Smiling, Blair tossed the covers over and got out of bed. The loft was warm and comfortable so he didn't bother with putting on his clothes from yesterday. He walked over to his pack, took out a clean pair of jeans, a sweater and clean boxers before heading downstairs.

Jim whistled at the naked apparition that walked down his stairs. "Hot stuff, Chief. I might have to join you in the shower."

"Such a sacrifice," Blair said as he turned down the hall. He gave Jim a small wiggle before disappearing into the bathroom.

With a muttered curse, Jim turned off the fire under the bacon, which thankfully, was done. He quickly removed it to the paper towels and, stripping as he went, he ran into the bathroom.

*****

"It's certainly easier to manage now, isn't it?" Jim said as he stood behind Blair, drying his hair.

"Yeah. I never thought I'd cut it, you know? But when I turned thirty-five--snip-snip. Just seemed right somehow."

Removing the towel, he gave Blair's hair a final rub with the palm of his hand and then swatted him on his bare ass. "Come on, get dressed, we've got pancakes to make."

"Such an invite," Blair said, smiling at Jim's reflection in the mirror.

"Warm maple syrup from Vermont," Jim teased.
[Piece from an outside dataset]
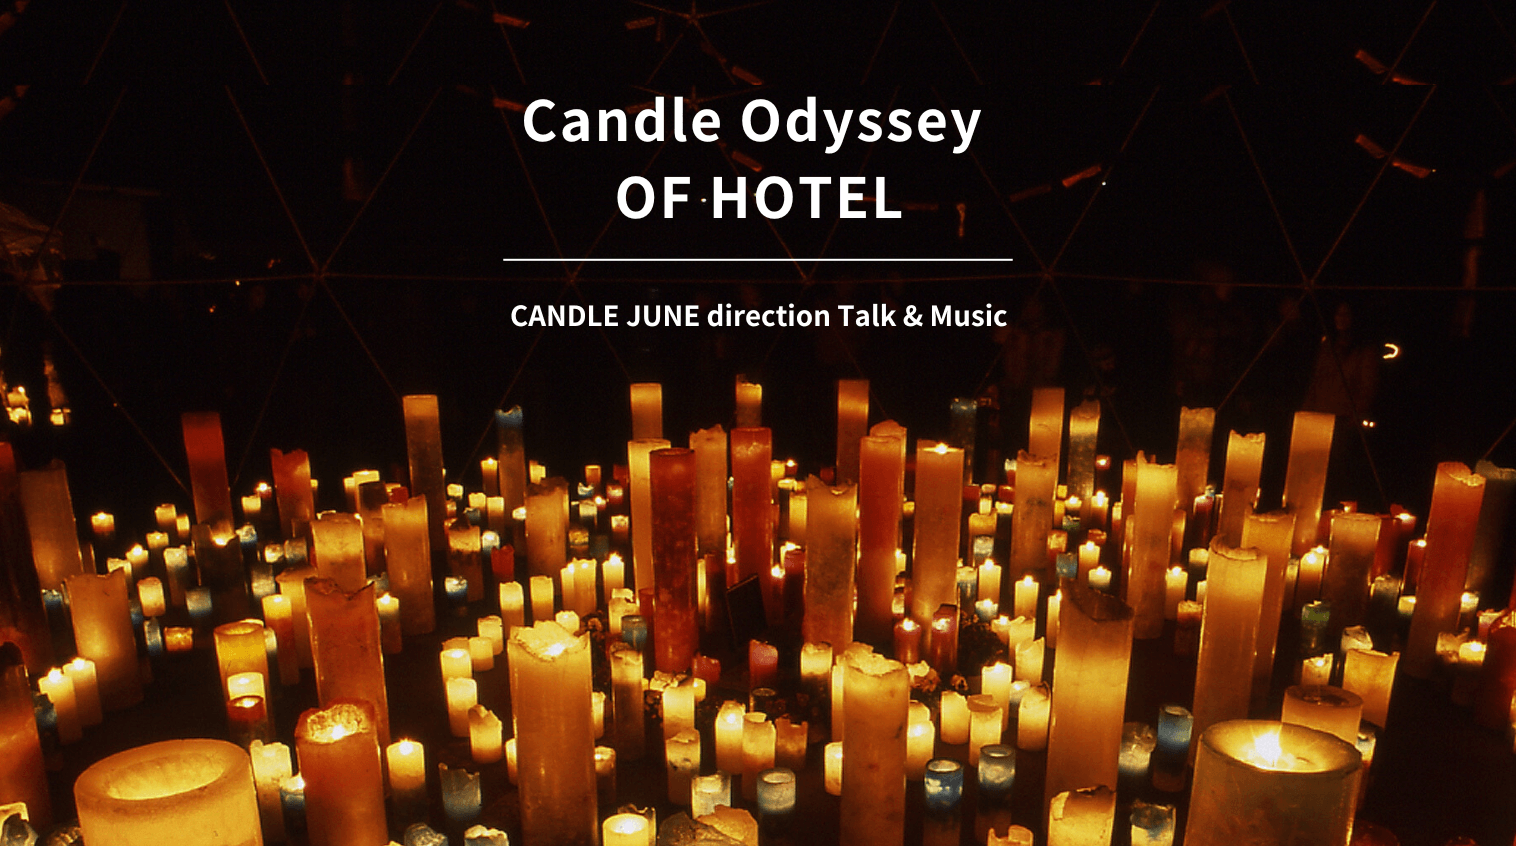 Candle Odyssey OF HOTEL｜CANDLE JUNE direction Talk & Music

"How do I turn that down?" Blair pulled on his boxers and then his jeans and sweater, all with Jim leaning against the wall and watching. When he was dressed, he held out his hands and said, "All done. Let's go make those pancakes."

*****

"Does it seem that this has been too easy?" Jim asked as he finished off the last of his pancakes.

"No," Blair said bluntly. "Six years? Apart? No, easy isn't the word I'd use."

"And yet, within two hours of seeing each other again, we boffing like bunnies? You and me? Two men for whom nothing was easy?"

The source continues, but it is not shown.